**Exercise inputs:**

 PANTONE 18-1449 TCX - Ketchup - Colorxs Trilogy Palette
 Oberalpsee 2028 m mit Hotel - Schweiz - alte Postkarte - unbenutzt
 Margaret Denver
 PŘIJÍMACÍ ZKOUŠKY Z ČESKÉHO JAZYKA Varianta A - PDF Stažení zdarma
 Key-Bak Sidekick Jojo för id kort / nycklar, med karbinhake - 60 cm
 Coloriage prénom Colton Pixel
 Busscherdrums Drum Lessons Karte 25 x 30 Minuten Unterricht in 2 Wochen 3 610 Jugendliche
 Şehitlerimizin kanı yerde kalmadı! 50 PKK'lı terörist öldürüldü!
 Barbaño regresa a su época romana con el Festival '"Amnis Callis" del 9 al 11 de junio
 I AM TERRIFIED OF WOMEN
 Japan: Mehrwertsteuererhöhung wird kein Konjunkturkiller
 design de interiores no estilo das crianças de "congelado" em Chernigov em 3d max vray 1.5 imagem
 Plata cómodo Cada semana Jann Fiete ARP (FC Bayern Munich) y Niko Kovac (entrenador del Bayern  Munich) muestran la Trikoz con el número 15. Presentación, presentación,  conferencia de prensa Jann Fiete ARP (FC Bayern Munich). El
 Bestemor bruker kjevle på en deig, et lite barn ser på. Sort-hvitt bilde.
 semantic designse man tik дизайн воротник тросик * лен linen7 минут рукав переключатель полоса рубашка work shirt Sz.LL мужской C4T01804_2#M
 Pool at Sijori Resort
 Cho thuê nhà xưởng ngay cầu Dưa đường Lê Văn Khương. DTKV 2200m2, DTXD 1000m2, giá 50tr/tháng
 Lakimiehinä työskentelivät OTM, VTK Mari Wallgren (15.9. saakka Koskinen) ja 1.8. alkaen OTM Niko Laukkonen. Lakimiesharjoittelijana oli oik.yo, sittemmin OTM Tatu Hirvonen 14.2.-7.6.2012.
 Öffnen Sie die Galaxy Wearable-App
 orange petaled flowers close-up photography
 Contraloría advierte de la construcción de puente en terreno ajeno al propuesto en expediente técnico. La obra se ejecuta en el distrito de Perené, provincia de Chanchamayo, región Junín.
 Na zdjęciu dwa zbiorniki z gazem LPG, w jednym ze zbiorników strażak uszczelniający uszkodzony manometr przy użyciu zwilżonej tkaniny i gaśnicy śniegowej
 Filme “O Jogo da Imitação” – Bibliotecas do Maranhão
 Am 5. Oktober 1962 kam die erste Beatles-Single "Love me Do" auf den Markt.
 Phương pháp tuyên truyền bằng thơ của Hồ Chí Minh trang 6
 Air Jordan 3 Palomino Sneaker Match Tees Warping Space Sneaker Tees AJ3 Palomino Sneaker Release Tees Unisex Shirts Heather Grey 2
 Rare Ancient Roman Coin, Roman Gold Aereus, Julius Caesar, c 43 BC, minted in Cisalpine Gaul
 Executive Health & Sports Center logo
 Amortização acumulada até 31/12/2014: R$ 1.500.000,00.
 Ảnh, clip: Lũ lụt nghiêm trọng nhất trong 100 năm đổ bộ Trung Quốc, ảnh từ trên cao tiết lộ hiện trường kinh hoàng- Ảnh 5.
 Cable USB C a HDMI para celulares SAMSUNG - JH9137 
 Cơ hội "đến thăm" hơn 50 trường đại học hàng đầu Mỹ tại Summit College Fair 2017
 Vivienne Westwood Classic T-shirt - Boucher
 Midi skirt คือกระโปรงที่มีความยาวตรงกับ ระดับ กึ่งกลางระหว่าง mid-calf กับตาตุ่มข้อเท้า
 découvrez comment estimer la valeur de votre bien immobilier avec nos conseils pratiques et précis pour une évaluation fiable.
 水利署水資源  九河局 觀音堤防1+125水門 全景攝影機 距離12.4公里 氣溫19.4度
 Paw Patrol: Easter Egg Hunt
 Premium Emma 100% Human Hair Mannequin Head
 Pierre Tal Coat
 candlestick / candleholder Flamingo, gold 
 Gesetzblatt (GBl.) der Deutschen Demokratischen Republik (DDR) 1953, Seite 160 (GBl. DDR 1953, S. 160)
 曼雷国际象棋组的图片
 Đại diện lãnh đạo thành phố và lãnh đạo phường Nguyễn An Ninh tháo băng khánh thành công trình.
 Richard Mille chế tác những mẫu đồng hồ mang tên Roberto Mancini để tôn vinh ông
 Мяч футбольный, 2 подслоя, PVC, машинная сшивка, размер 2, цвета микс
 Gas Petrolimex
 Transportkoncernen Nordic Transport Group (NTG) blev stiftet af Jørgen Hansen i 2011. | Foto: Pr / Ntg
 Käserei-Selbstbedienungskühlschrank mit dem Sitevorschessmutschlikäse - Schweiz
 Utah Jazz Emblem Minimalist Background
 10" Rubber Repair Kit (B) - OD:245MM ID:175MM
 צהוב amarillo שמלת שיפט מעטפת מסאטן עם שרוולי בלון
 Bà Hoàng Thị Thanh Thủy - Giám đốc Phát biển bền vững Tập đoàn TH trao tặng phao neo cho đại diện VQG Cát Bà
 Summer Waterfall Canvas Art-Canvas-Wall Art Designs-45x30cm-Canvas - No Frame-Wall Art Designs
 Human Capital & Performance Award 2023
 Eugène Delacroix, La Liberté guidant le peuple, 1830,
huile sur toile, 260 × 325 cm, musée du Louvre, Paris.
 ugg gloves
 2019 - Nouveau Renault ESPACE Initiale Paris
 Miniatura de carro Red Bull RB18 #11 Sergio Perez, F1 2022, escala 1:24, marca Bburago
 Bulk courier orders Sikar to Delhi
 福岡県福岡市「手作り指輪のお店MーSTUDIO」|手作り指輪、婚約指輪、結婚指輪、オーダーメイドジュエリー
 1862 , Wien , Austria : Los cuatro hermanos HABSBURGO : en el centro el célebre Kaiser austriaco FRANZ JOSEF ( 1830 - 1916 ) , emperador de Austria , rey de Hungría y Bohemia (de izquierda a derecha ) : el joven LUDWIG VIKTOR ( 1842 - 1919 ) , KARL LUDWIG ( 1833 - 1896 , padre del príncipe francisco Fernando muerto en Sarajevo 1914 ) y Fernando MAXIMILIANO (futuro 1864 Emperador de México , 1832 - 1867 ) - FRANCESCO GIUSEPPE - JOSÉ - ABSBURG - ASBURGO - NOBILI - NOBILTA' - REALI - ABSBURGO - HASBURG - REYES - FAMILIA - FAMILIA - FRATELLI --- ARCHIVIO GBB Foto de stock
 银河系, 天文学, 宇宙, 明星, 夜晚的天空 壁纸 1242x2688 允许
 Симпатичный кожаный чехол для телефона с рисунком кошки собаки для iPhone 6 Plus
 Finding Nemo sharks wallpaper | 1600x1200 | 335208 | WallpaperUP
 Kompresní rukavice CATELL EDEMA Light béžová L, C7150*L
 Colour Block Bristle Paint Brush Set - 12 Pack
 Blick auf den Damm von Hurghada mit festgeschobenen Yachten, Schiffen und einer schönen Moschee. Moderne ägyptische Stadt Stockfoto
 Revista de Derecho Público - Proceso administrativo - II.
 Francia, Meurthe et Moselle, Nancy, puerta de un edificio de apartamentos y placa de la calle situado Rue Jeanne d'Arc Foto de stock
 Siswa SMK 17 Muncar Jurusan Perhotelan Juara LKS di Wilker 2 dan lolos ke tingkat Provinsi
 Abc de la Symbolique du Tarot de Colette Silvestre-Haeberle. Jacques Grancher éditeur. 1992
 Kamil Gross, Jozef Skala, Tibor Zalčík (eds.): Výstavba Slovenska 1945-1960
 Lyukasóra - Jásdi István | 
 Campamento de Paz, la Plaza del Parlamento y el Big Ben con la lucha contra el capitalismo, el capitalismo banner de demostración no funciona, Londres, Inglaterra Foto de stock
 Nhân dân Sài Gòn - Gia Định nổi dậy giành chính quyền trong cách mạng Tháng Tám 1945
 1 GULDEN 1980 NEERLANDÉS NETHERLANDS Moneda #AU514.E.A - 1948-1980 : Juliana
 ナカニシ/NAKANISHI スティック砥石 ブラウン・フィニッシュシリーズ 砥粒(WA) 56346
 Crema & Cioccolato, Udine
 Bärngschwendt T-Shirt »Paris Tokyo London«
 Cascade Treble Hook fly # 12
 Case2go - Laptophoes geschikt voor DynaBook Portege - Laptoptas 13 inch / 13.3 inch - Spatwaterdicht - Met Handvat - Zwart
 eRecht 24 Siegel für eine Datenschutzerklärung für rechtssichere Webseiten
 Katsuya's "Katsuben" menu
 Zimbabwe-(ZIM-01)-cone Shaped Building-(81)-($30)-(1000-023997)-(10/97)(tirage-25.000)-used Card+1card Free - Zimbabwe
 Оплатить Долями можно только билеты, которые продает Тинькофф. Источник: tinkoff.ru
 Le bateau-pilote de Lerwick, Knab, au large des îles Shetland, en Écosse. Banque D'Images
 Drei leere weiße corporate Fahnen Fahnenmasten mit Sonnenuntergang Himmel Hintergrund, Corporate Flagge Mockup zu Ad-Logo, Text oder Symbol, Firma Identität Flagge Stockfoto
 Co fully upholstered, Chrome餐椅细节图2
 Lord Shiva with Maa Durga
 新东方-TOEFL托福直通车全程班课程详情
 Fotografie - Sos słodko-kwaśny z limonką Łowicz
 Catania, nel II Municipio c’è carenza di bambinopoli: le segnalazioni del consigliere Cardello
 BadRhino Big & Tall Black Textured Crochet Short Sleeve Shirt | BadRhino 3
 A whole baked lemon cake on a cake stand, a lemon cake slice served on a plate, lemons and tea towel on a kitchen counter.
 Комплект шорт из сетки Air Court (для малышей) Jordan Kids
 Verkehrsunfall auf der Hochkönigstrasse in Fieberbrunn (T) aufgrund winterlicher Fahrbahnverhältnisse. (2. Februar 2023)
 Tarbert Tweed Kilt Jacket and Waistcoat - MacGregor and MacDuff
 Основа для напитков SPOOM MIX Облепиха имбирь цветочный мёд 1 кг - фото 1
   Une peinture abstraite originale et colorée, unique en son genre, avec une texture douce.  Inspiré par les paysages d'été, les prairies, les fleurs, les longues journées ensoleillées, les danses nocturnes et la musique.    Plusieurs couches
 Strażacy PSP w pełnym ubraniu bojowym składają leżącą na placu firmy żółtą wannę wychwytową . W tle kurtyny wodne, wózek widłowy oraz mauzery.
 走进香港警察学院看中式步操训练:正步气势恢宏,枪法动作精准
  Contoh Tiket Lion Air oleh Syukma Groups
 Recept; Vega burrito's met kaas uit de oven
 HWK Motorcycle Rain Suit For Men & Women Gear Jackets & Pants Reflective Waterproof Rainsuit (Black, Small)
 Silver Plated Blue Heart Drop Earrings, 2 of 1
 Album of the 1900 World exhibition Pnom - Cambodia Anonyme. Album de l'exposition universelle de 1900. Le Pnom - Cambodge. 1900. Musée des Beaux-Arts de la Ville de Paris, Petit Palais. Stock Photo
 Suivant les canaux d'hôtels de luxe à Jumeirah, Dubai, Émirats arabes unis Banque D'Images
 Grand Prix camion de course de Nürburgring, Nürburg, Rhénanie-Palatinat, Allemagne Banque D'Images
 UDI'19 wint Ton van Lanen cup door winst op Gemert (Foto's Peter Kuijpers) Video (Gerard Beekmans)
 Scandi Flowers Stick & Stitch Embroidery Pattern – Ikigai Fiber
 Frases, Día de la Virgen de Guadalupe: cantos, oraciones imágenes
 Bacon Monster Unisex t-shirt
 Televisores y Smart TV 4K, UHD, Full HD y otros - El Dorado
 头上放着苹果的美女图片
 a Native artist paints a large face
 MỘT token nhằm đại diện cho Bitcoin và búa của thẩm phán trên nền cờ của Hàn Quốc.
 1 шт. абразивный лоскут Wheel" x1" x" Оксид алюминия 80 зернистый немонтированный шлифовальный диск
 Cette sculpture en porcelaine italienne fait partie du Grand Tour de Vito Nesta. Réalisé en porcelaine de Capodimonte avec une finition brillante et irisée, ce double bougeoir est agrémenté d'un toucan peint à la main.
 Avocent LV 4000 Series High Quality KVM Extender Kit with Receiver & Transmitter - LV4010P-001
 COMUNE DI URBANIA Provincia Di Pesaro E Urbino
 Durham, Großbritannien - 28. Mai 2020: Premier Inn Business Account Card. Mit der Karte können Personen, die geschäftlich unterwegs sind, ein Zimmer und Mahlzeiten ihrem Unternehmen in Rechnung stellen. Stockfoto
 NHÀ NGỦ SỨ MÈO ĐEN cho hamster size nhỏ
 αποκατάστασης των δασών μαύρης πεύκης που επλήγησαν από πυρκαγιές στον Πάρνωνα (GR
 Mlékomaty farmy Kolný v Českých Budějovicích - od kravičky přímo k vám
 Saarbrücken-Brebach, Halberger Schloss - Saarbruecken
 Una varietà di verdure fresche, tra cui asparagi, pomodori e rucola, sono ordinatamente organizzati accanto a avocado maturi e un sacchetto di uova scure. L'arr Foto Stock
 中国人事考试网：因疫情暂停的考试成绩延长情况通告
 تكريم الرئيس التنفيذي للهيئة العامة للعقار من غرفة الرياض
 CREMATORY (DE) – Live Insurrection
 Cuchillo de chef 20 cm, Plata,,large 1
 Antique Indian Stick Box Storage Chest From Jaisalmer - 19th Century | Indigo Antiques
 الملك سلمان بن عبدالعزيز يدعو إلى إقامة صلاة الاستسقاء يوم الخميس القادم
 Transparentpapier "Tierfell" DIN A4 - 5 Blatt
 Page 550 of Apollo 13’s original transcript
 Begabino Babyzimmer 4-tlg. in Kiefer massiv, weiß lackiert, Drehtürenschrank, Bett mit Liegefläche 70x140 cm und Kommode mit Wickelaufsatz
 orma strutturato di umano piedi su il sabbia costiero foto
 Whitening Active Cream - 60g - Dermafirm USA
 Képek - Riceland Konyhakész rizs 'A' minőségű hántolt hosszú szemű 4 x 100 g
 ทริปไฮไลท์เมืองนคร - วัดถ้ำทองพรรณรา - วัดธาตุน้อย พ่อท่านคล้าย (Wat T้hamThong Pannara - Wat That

**Problem to work on:** Working from the material above, restate word for word the lines between the line with "Campamento de Paz, la" and the line with "Основа для напитков", both included, and only those.

**Response to the exercise:**
 Campamento de Paz, la Plaza del Parlamento y el Big Ben con la lucha contra el capitalismo, el capitalismo banner de demostración no funciona, Londres, Inglaterra Foto de stock
 Nhân dân Sài Gòn - Gia Định nổi dậy giành chính quyền trong cách mạng Tháng Tám 1945
 1 GULDEN 1980 NEERLANDÉS NETHERLANDS Moneda #AU514.E.A - 1948-1980 : Juliana
 ナカニシ/NAKANISHI スティック砥石 ブラウン・フィニッシュシリーズ 砥粒(WA) 56346
 Crema & Cioccolato, Udine
 Bärngschwendt T-Shirt »Paris Tokyo London«
 Cascade Treble Hook fly # 12
 Case2go - Laptophoes geschikt voor DynaBook Portege - Laptoptas 13 inch / 13.3 inch - Spatwaterdicht - Met Handvat - Zwart
 eRecht 24 Siegel für eine Datenschutzerklärung für rechtssichere Webseiten
 Katsuya's "Katsuben" menu
 Zimbabwe-(ZIM-01)-cone Shaped Building-(81)-($30)-(1000-023997)-(10/97)(tirage-25.000)-used Card+1card Free - Zimbabwe
 Оплатить Долями можно только билеты, которые продает Тинькофф. Источник: tinkoff.ru
 Le bateau-pilote de Lerwick, Knab, au large des îles Shetland, en Écosse. Banque D'Images
 Drei leere weiße corporate Fahnen Fahnenmasten mit Sonnenuntergang Himmel Hintergrund, Corporate Flagge Mockup zu Ad-Logo, Text oder Symbol, Firma Identität Flagge Stockfoto
 Co fully upholstered, Chrome餐椅细节图2
 Lord Shiva with Maa Durga
 新东方-TOEFL托福直通车全程班课程详情
 Fotografie - Sos słodko-kwaśny z limonką Łowicz
 Catania, nel II Municipio c’è carenza di bambinopoli: le segnalazioni del consigliere Cardello
 BadRhino Big & Tall Black Textured Crochet Short Sleeve Shirt | BadRhino 3
 A whole baked lemon cake on a cake stand, a lemon cake slice served on a plate, lemons and tea towel on a kitchen counter.
 Комплект шорт из сетки Air Court (для малышей) Jordan Kids
 Verkehrsunfall auf der Hochkönigstrasse in Fieberbrunn (T) aufgrund winterlicher Fahrbahnverhältnisse. (2. Februar 2023)
 Tarbert Tweed Kilt Jacket and Waistcoat - MacGregor and MacDuff
 Основа для напитков SPOOM MIX Облепиха имбирь цветочный мёд 1 кг - фото 1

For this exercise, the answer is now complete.